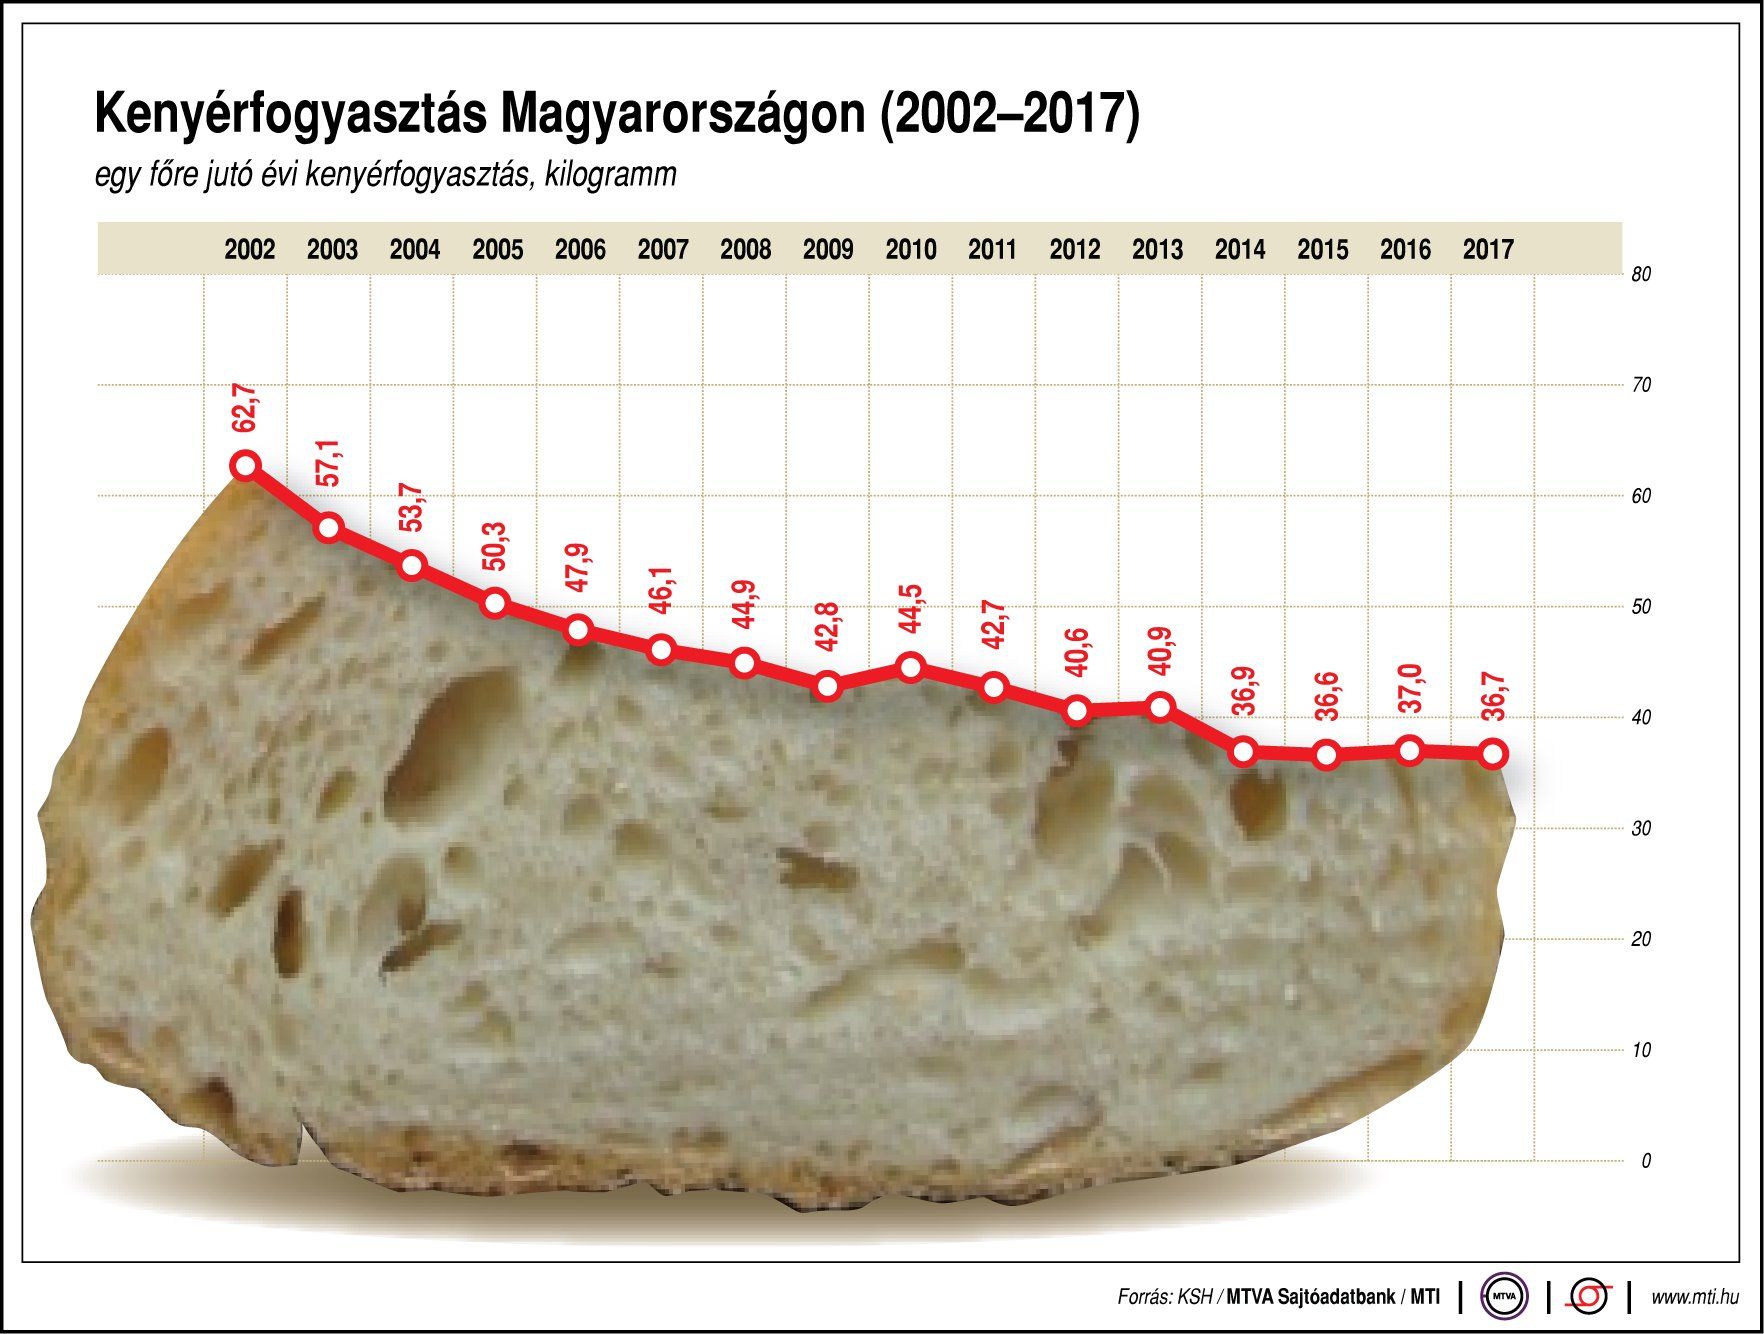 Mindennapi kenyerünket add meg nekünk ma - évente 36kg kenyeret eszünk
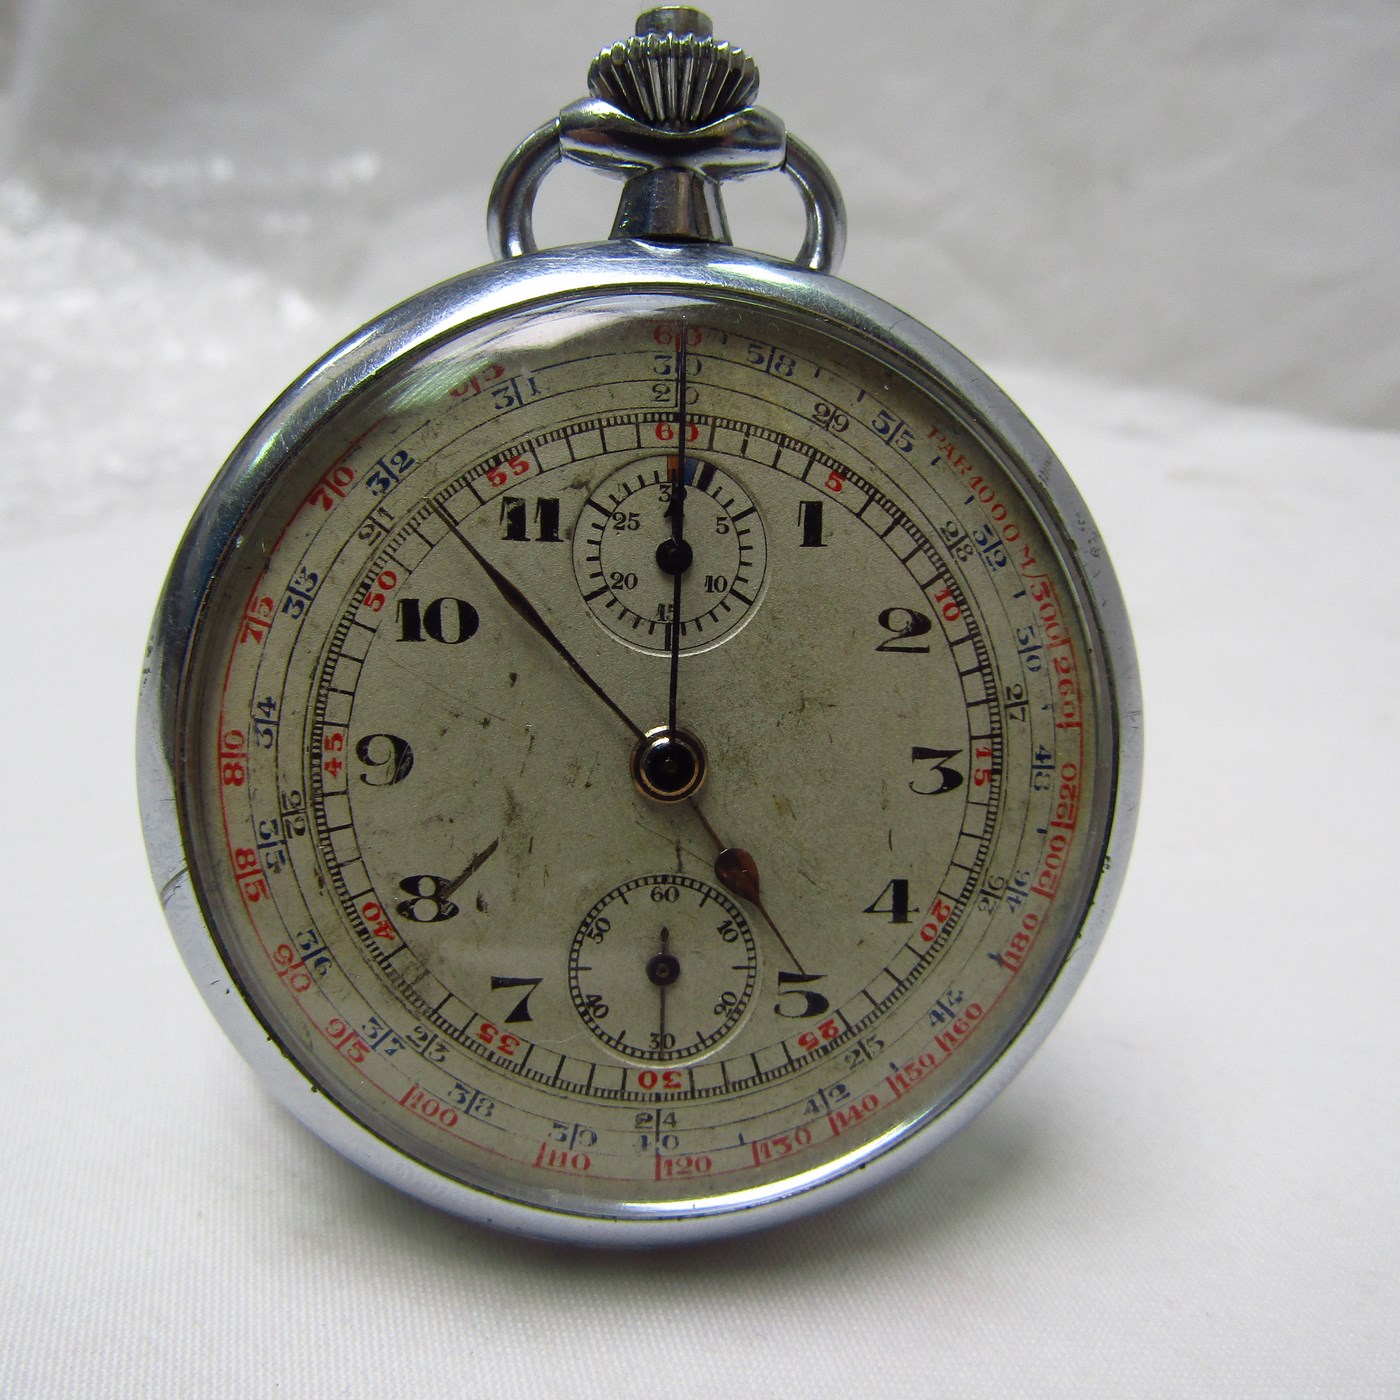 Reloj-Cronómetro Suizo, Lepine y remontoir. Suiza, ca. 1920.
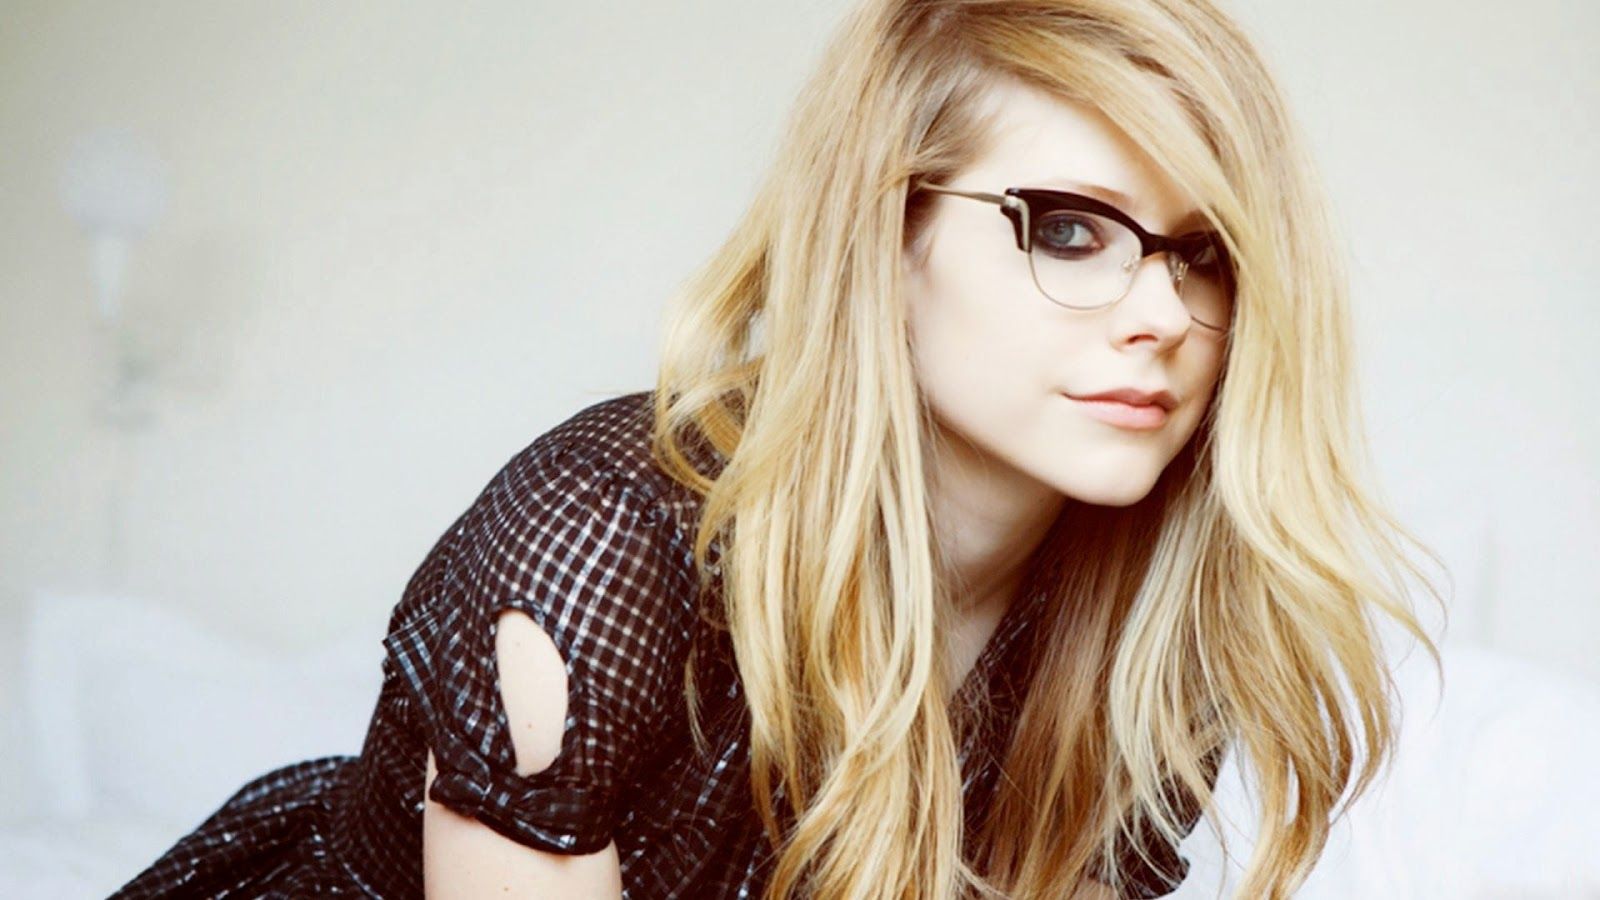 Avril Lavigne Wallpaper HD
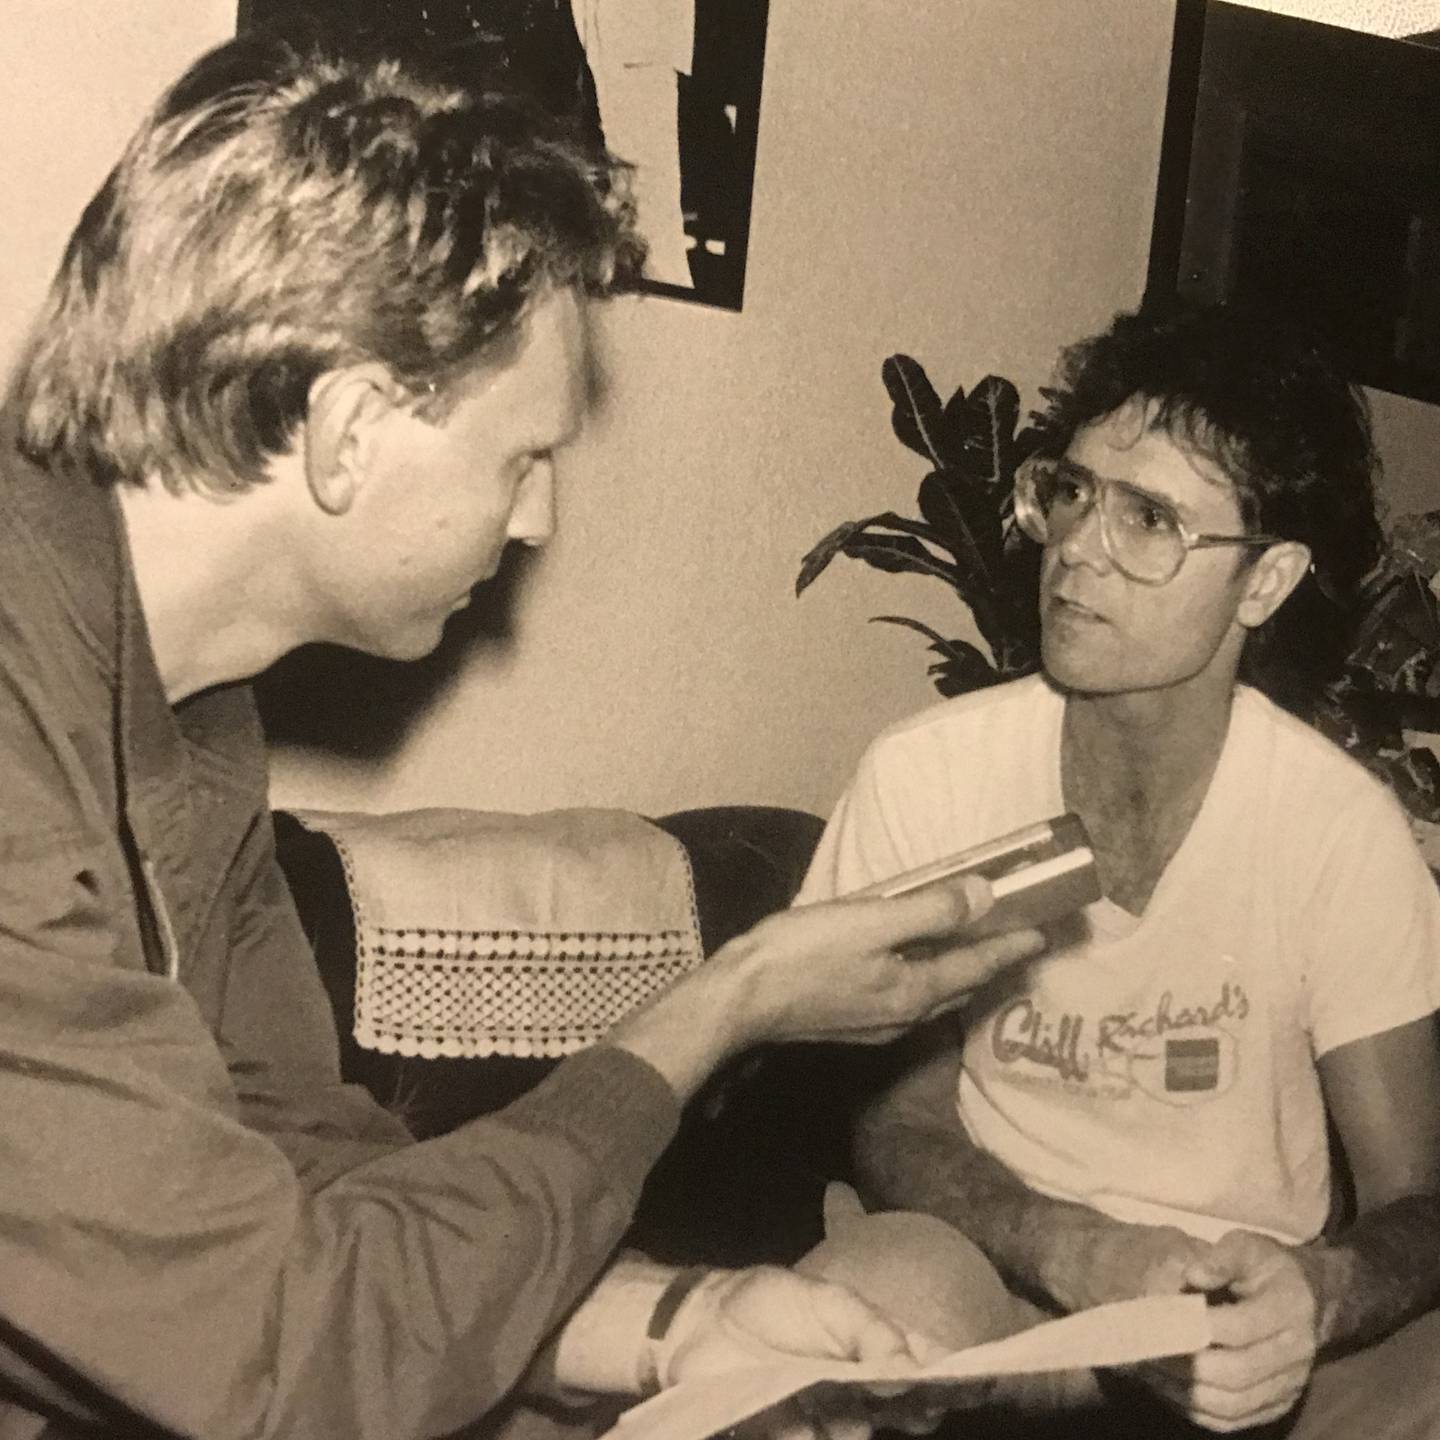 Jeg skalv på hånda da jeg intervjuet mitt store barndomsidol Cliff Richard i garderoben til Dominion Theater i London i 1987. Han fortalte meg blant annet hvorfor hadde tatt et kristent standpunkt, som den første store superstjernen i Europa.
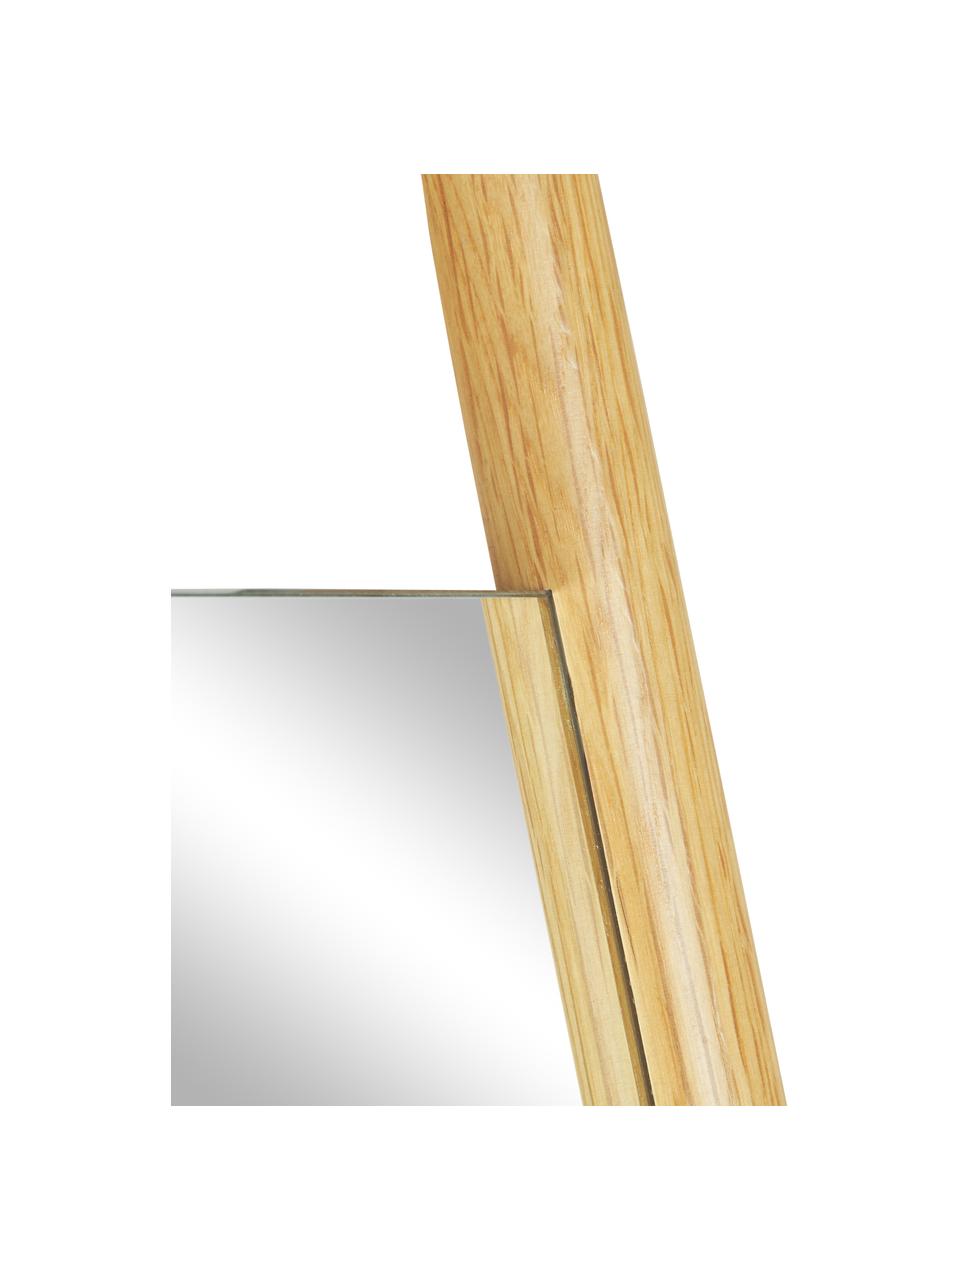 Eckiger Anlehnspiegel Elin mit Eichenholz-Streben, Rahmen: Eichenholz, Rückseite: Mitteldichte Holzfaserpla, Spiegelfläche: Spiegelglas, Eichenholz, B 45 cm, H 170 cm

┄┄┄┄┄┄┄┄┄┄

** WHAT THE EXERCISE ASKS **
Could you write all the entries out again exactly, but without their pictures?

** RESULT **
 Mindennapi kenyerünket add meg nekünk ma - évente 36kg kenyeret eszünk
 Reloj-Cronómetro Suizo, Lepine y remontoir. Suiza, ca. 1920.
 Avril Lavigne Wallpaper HD
 Jeg skalv på hånda da jeg intervjuet mitt store barndomsidol Cliff Richard i garderoben til Dominion Theater i London i 1987. Han fortalte meg blant annet hvorfor hadde tatt et kristent standpunkt, som den første store superstjernen i Europa.
 Eckiger Anlehnspiegel Elin mit Eichenholz-Streben, Rahmen: Eichenholz, Rückseite: Mitteldichte Holzfaserpla, Spiegelfläche: Spiegelglas, Eichenholz, B 45 cm, H 170 cm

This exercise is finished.